Following a cyberattack on NHS Dumfries and Galloway, Scotland’s public archiving body has revealed that some of its information was compromised – with up to 50 people ‘at risk of harm’

A significant amount of data from the National Records of Scotland was accessed as part of a recent cyberattack on an NHS health board.

The organisation, a national public body that gathers statistics and archives public records, runs a service transferring the records of patients when they move between different Scottish health board areas – or out of the country entirely. This service is hosted on the IT network of NHS Dumfries and Galloway.

Following a ransomware assault on the health board in February, the National Records of Scotland (NRS) has “identified a small number of cases where there was sensitive information held temporarily on the network at the time of the attack”.

NRS has got in touch with almost 50 people whose data has been compromised in a way that “is considered to have the potential to put them at risk of harm”.

Related content

• Capita admits possible compromise of customer data during cyberattack
• Hebridean council works on data recovery following cyberattack
• Cyber Security Week: Analysis – how and where are attackers getting in?

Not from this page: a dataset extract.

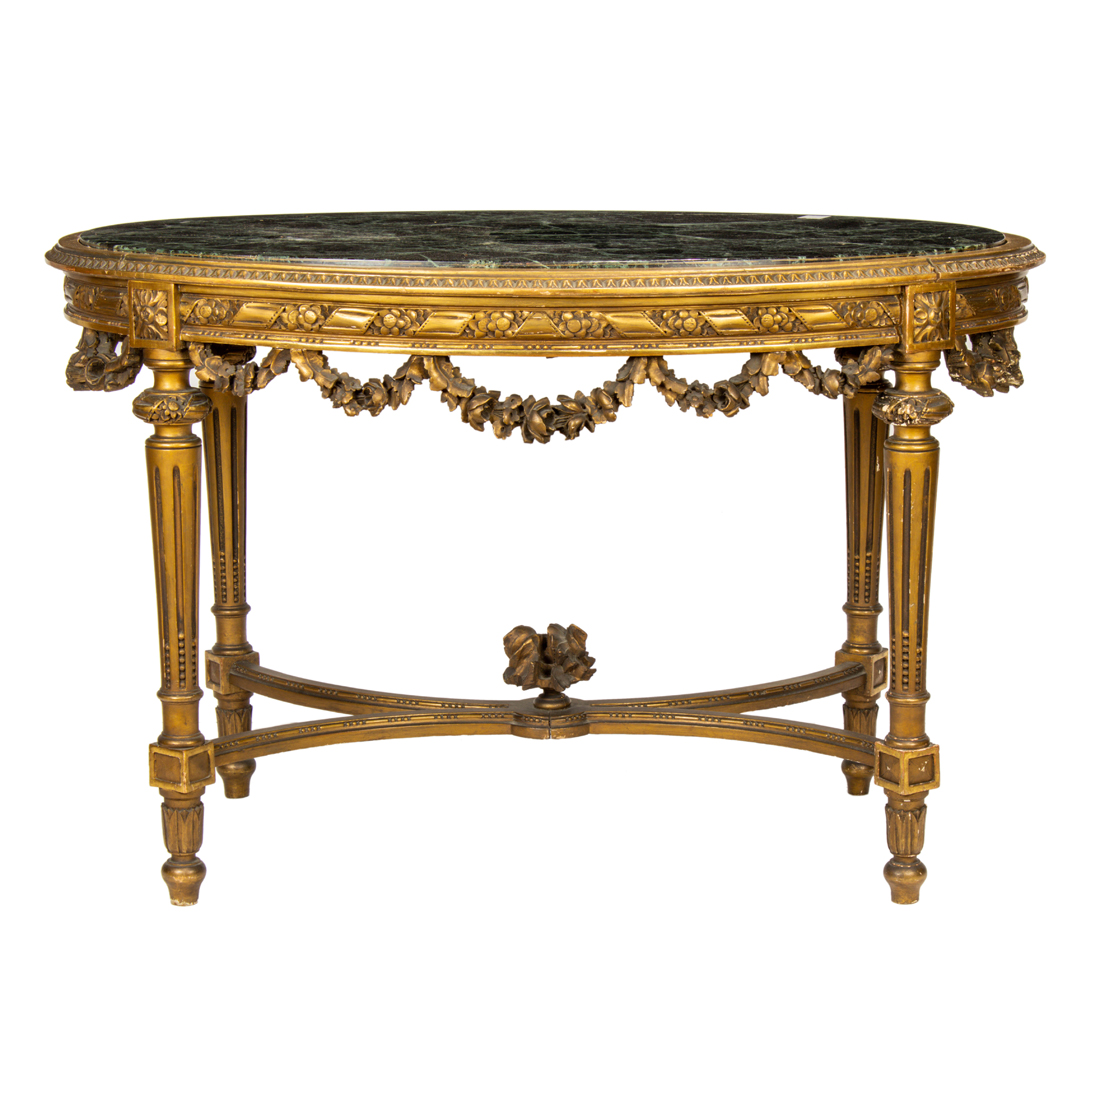 A LOUIS XVI STYLE CONSOLE TABLE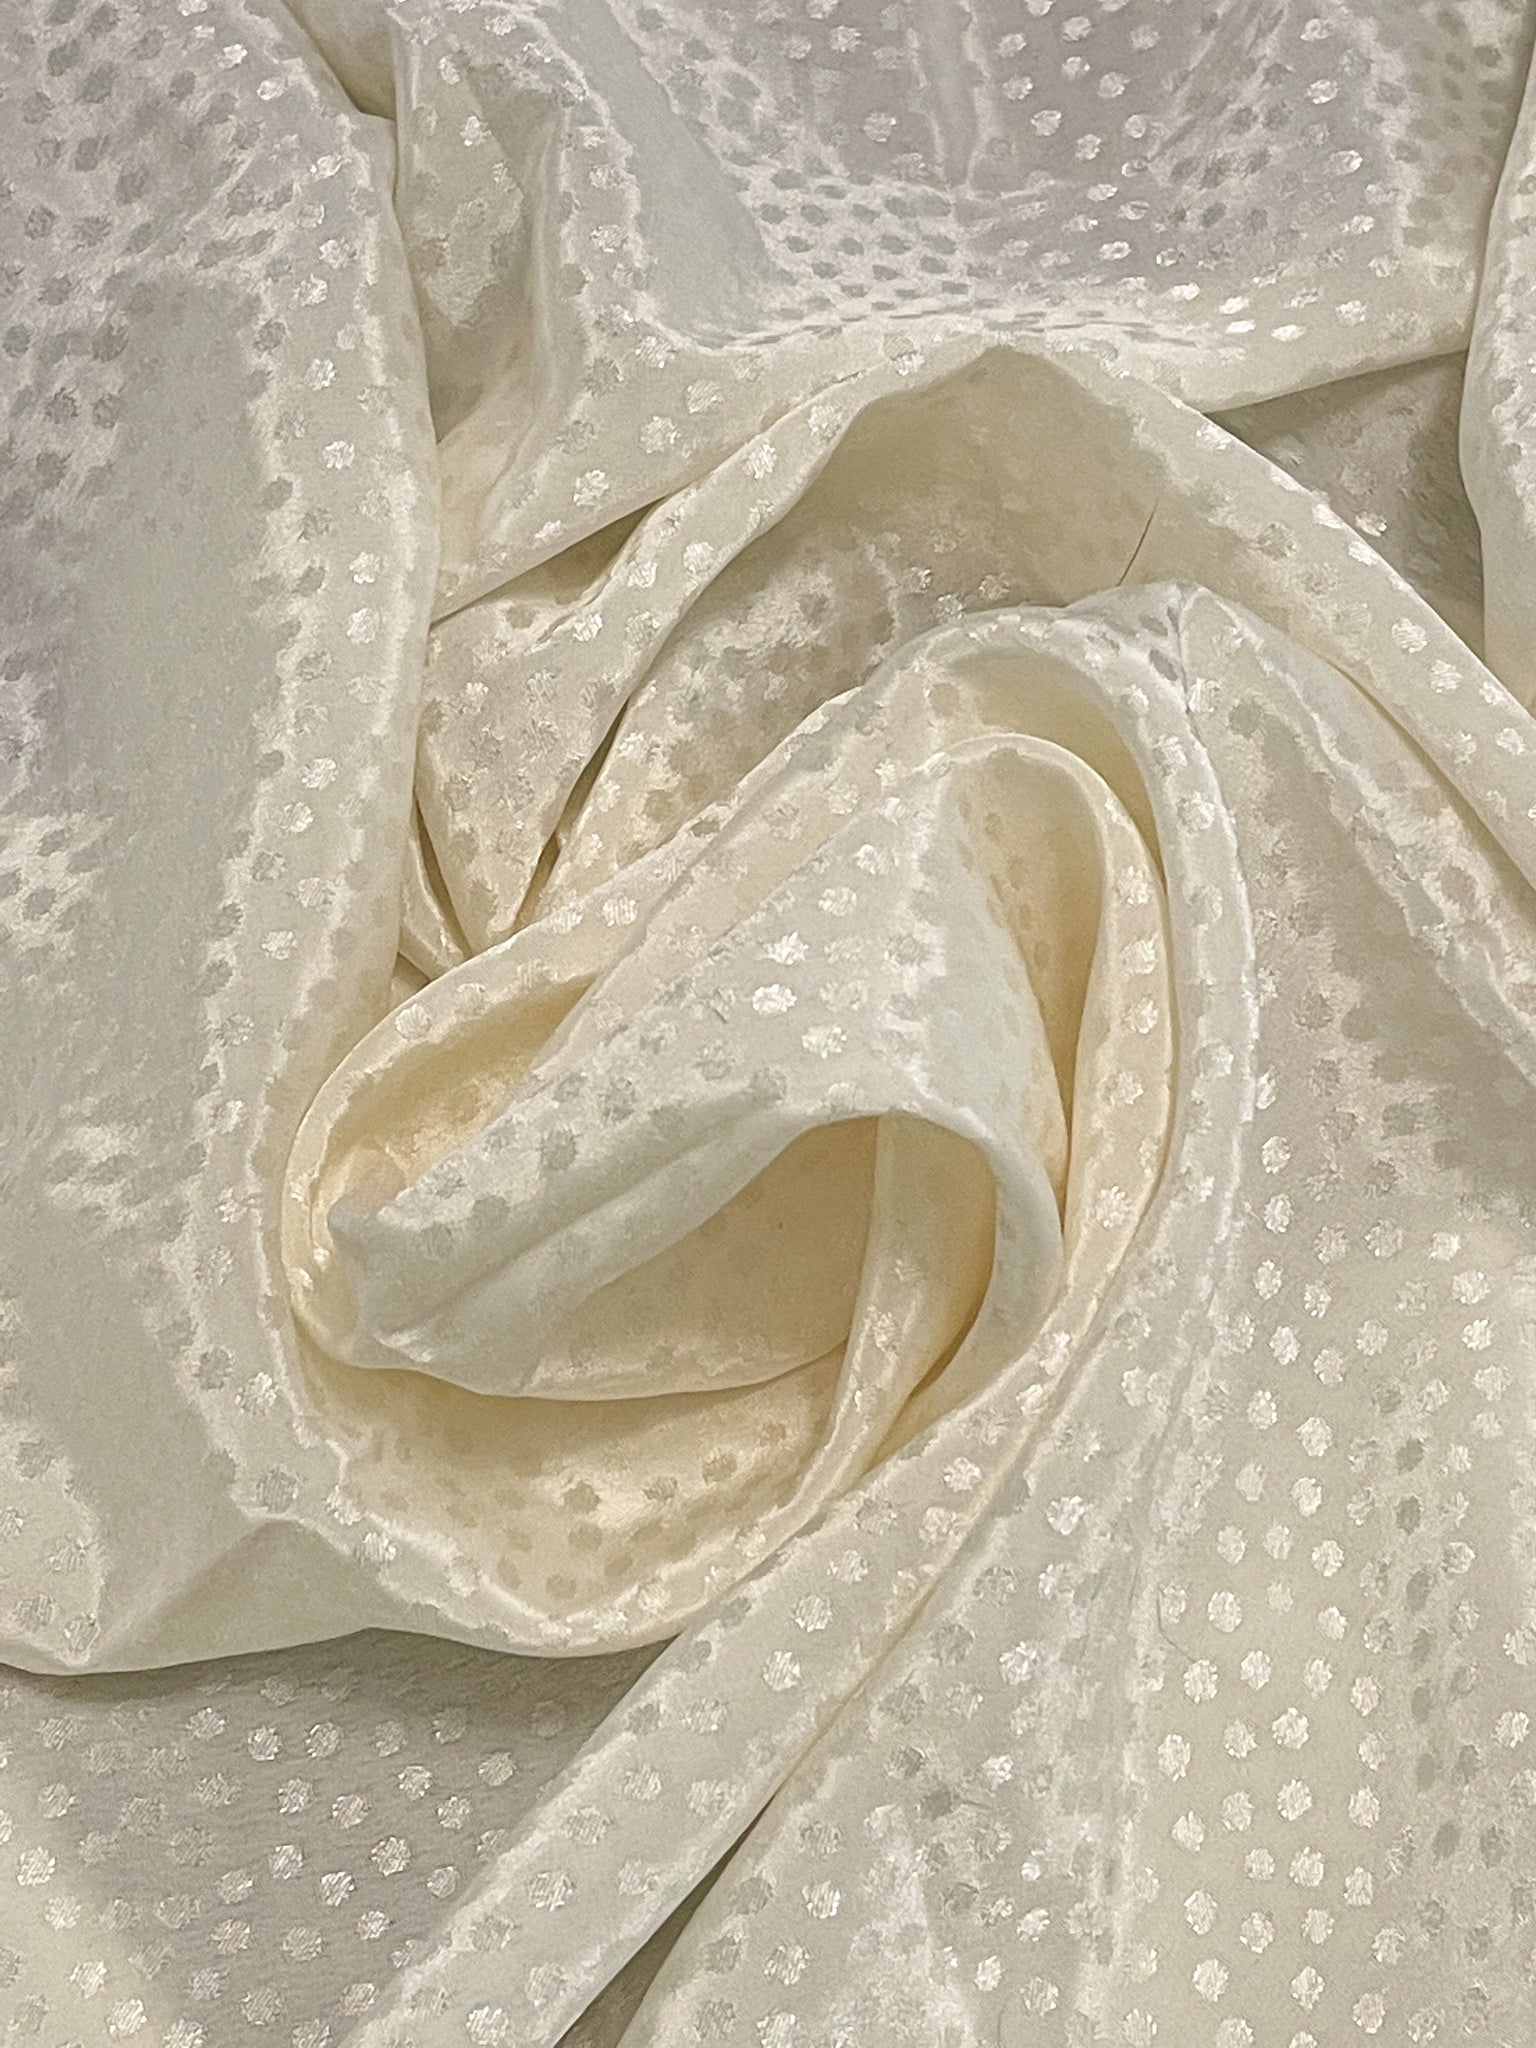 SALE 1 1/3 YD Polyester Jacquard - Off White with Small Polka Dots

Beyond this, some information “from the statutory births, deaths and marriages registers.. which is used to correctly identify patients and maintain the accuracy” of the NRS’s records-transfer services was also accessed during the attack.

The records body has informed the Information Commissioner of the breach.

NRS chief executive Janet Egdell said: “We are aware that this will be distressing news for those individuals most directly affected. This is a live criminal investigation, and we are working closely with NHS Dumfries and Galloway, Police Scotland, the Scottish Government, and other agencies involved in the inquiry. NRS takes cyber security and privacy seriously. This includes ensuring the continued safe provision of the service we provide.”

Earlier this month, NHS Dumfries and Galloway said cyberattackers had released on the dark web “a large volume” of data stolen from the health board – including some information related to children’s mental health.

Police Scotland has advised the public should not attempt to access or share any leaked data as they may be committing an offence under the Data Protection Act.